“Babe, did you take a sleeping pill?”
At that question I was twisting the cap of the glass vial, and his voice made me lose my grip. A small white tablet rolled off the edge of the blanket and disappeared among the folds. The room became unnaturally quiet. His breathing on the other end of the line now sounded like cold wind in my ear.
It’s nothing, just insomnia… I started to say, but even I could hear how hollow the excuse was.
While I Slept, the Room Shifted
It began innocently enough. The new job kept me awake, so after hanging up I swallowed the same pill at the same minute every night: 11:11. The ritual settled into muscle memory— clink of glass, gulp of water—then my mind whitened like an erased slate.
The problem arrived the next morning. His drowsy “Morning, you up?” sat strangely on my tongue. My fingertips still carried the pill’s bitterness, my skull felt like a locked door.
Fine. I’ll answer later.
Gift or Curse in a Capsule
Park Seoyeon—twenty-eight, account executive at an ad agency. I had opened her KakaoTalk profile hundreds of times, yet for two weeks I hadn’t even managed that. Or rather, I couldn’t. Once the pill dissolved, desire iced over; no impulse surfaced, as if a thin sheet of iron had slid across my brain.

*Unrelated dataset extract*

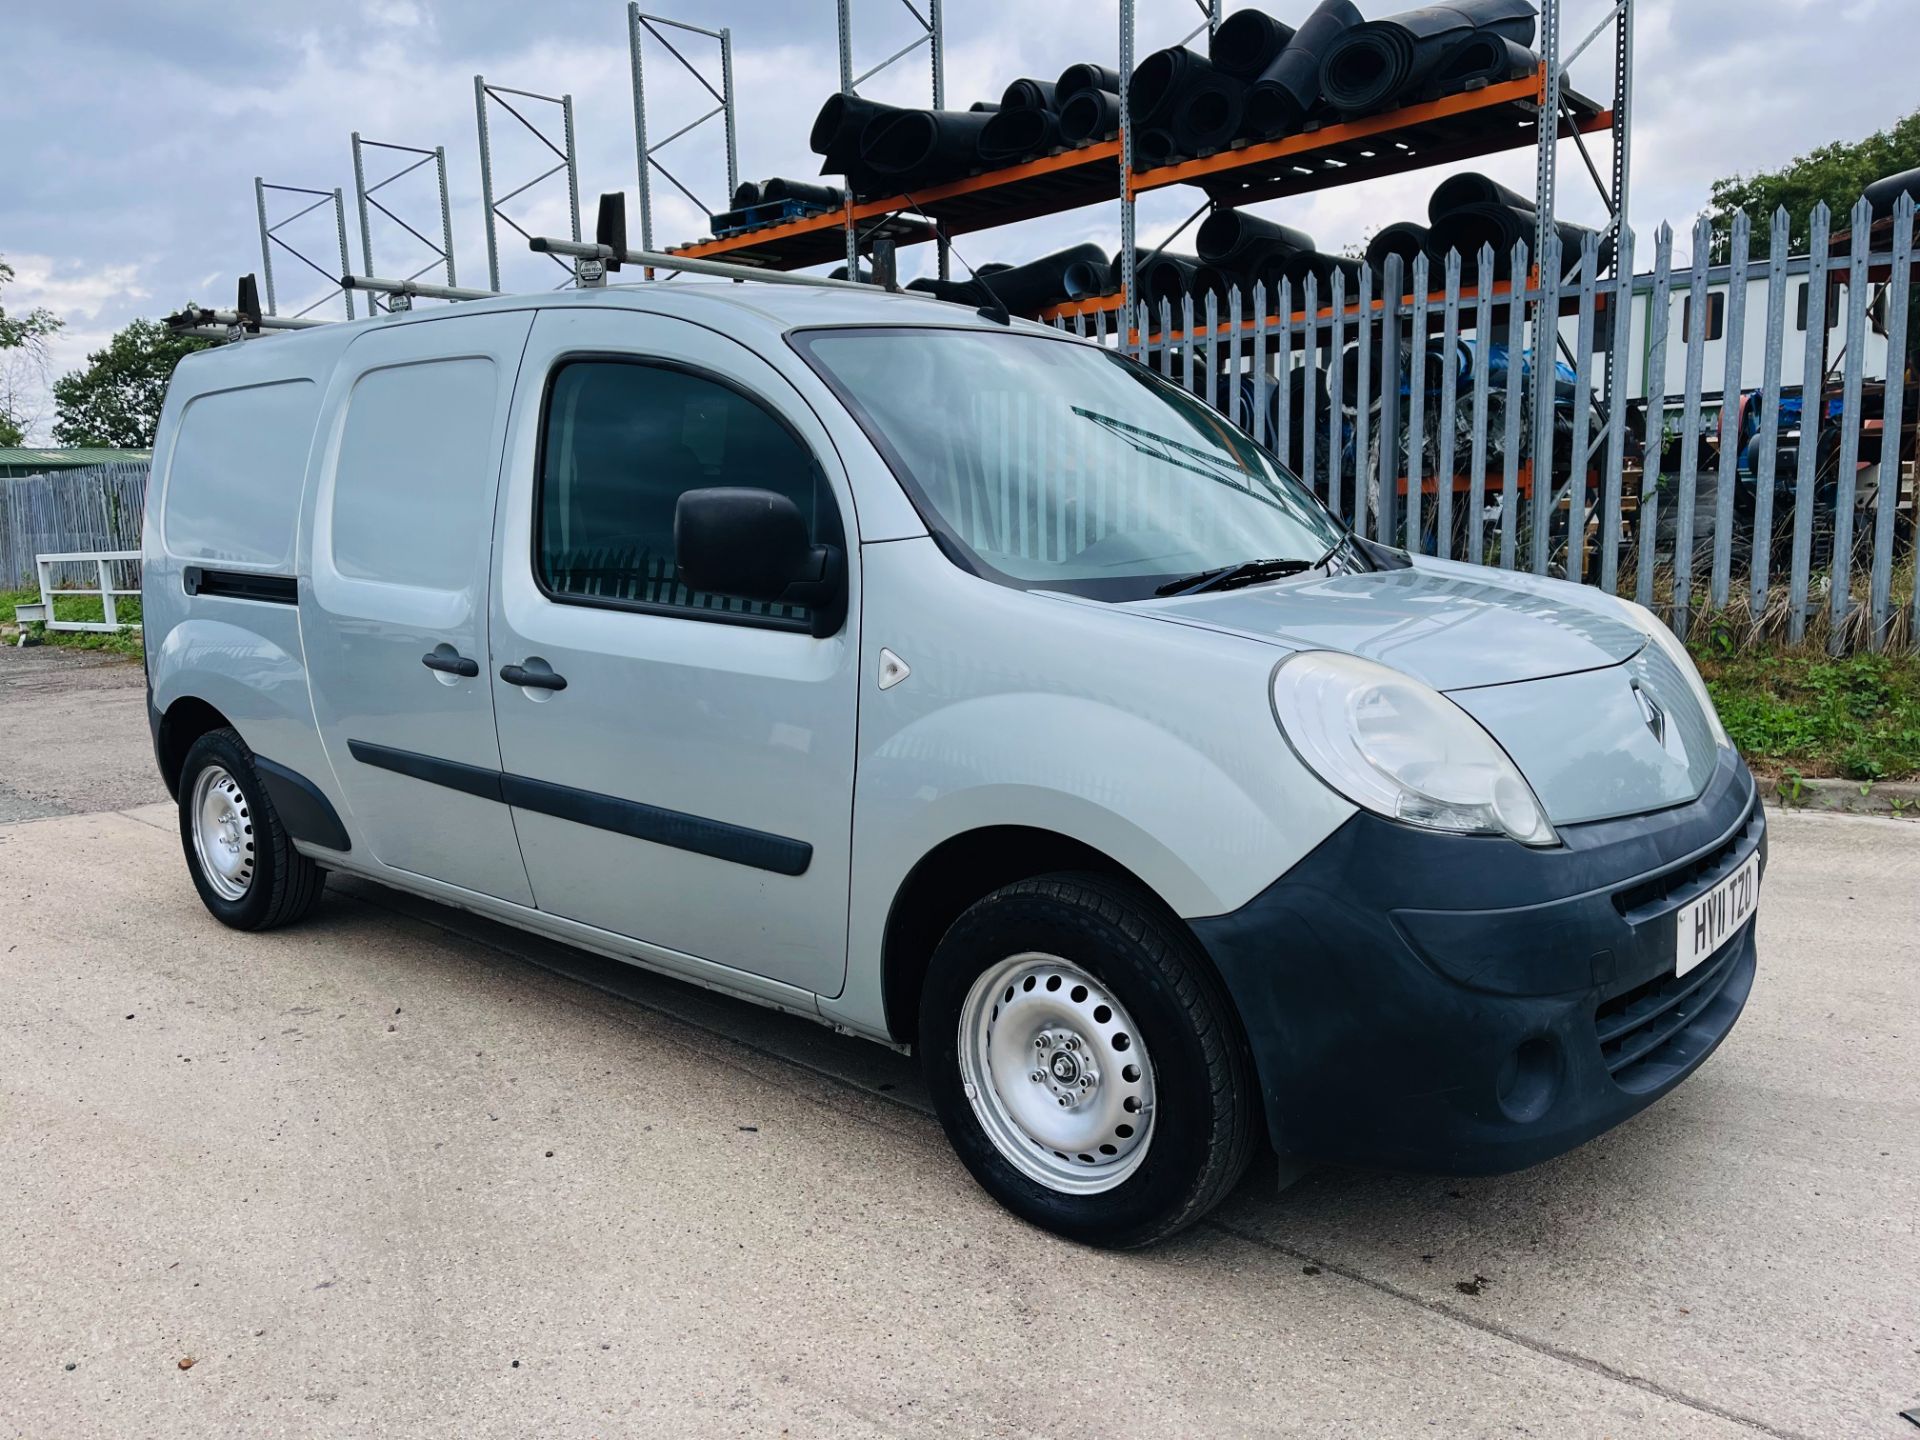 (Reserve Met) Renault Kangoo dci "Maxi Plus" 11reg - Rare and hard to find a Maxi Plus model -No Vat - Image 3 of 18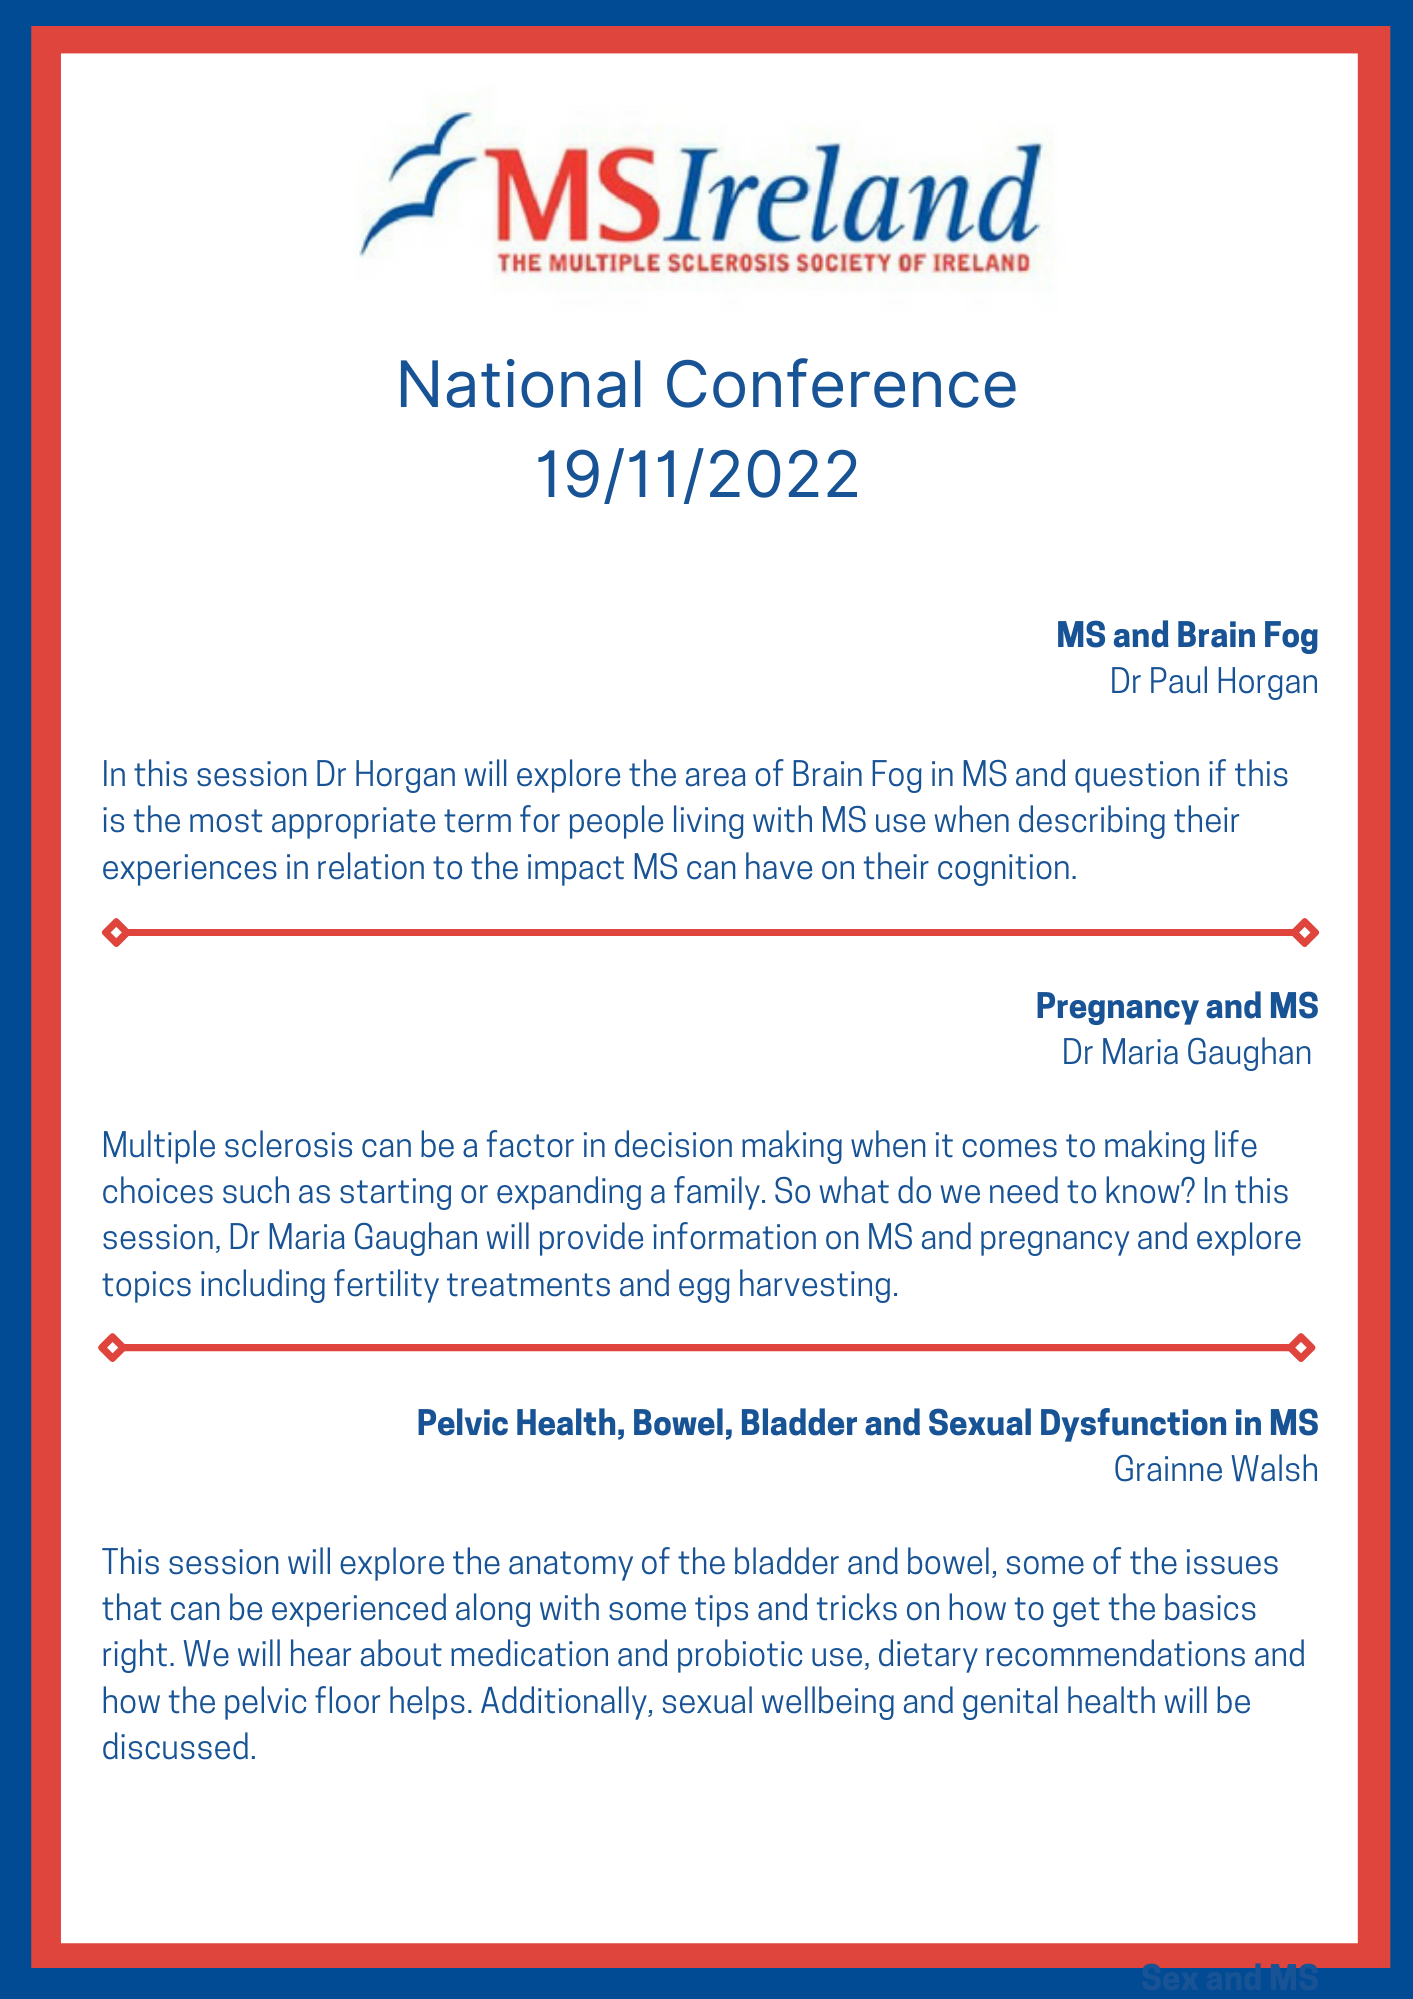 MS Ireland National Conference 2022 list of talks and speakers 1

“Shall we grab dinner—” His sentence never finished.
“Sorry, I took my pill…” I murmured, already wondering why I was apologizing.
That night Seoyeon went to a wine bar alone. I lay in bed with my eyes shut. At 11:38 her message arrived: a photo of a half-empty bottle, a male colleague’s fingers curled around the same glass stem.
Good-bye, My Appetite
The pill did more than grant sleep. It smothered every urge—to love, to text, to ache for the sound of his voice—as though someone had slammed a steel gate inside my head.
Oddly, the ache I once carried in my throat blurred. Is that so terrible? I asked myself. If love had been a fire, the tablet was the water thrown on the flames.
Her Room, Minus One Temperature
“You’ve been strange lately,” Kim Hyunsoo said, toeing off his shoes at my door. His embrace felt suffocating. Warm skin met mine, yet I only grew colder.
Do I love him, or am I simply performing love?
He fetched a bottle from the fridge and froze. The white pills stood in neat formation.
“You’re still taking these?”
I shrugged. The bulb in his gaze flickered out, as though someone had turned off the wrong light.
The Sound of a Snapped Thread
We argued all night, no sleep. He said I had changed; I said I was tired. Both were true. Keeping love alive had become exhausting.
After Hyunsoo left, I lay staring at the vial. Then I understood: I wasn’t taking the pill because I couldn’t sleep. I was taking it because I couldn’t love. His voice, his scent, his touch—once too close, now too far.
A Question Left on the Pillow
Did the pill ruin love, or had love already cracked and sent me looking for the pill?
We often bury the wrong answer beneath the wrong question. The vial on my nightstand answers only with silence.
I still swallow one tablet at the same hour. But now, instead of someone else’s voice, I ingest the debris of a desire I once reached for.
Perhaps you, too, keep a tiny habit that nudged love out of reach. Where, in the dark, is the glass bottle you closed while you slept?